Aim of the exercise: Exactly as written, print each of the entries.

(Beginning of Excerpted records)

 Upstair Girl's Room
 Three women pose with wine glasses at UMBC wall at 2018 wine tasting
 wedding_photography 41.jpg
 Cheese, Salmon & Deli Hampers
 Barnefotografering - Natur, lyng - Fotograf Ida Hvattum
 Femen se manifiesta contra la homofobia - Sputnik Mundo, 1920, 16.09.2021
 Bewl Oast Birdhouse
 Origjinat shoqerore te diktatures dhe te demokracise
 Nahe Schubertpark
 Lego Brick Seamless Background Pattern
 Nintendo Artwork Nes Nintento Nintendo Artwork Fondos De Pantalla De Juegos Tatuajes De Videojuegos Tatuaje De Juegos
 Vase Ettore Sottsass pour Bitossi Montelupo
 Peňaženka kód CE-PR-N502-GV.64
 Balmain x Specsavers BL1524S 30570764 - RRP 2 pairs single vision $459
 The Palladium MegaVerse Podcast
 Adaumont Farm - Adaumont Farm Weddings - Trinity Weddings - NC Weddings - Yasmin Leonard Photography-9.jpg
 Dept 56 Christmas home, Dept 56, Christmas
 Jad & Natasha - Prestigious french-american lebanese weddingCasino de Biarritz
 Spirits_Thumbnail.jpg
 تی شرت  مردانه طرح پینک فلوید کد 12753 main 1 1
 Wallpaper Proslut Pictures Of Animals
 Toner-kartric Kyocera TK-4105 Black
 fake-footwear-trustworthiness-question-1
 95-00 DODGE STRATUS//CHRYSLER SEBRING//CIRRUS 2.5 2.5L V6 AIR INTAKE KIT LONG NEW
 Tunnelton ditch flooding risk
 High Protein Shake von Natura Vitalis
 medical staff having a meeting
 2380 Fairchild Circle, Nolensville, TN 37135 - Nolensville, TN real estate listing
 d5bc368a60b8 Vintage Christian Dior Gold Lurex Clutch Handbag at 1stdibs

(End of Excerpted records)

Finished task:
 Upstair Girl's Room
 Three women pose with wine glasses at UMBC wall at 2018 wine tasting
 wedding_photography 41.jpg
 Cheese, Salmon & Deli Hampers
 Barnefotografering - Natur, lyng - Fotograf Ida Hvattum
 Femen se manifiesta contra la homofobia - Sputnik Mundo, 1920, 16.09.2021
 Bewl Oast Birdhouse
 Origjinat shoqerore te diktatures dhe te demokracise
 Nahe Schubertpark
 Lego Brick Seamless Background Pattern
 Nintendo Artwork Nes Nintento Nintendo Artwork Fondos De Pantalla De Juegos Tatuajes De Videojuegos Tatuaje De Juegos
 Vase Ettore Sottsass pour Bitossi Montelupo
 Peňaženka kód CE-PR-N502-GV.64
 Balmain x Specsavers BL1524S 30570764 - RRP 2 pairs single vision $459
 The Palladium MegaVerse Podcast
 Adaumont Farm - Adaumont Farm Weddings - Trinity Weddings - NC Weddings - Yasmin Leonard Photography-9.jpg
 Dept 56 Christmas home, Dept 56, Christmas
 Jad & Natasha - Prestigious french-american lebanese weddingCasino de Biarritz
 Spirits_Thumbnail.jpg
 تی شرت  مردانه طرح پینک فلوید کد 12753 main 1 1
 Wallpaper Proslut Pictures Of Animals
 Toner-kartric Kyocera TK-4105 Black
 fake-footwear-trustworthiness-question-1
 95-00 DODGE STRATUS//CHRYSLER SEBRING//CIRRUS 2.5 2.5L V6 AIR INTAKE KIT LONG NEW
 Tunnelton ditch flooding risk
 High Protein Shake von Natura Vitalis
 medical staff having a meeting
 2380 Fairchild Circle, Nolensville, TN 37135 - Nolensville, TN real estate listing
 d5bc368a60b8 Vintage Christian Dior Gold Lurex Clutch Handbag at 1stdibs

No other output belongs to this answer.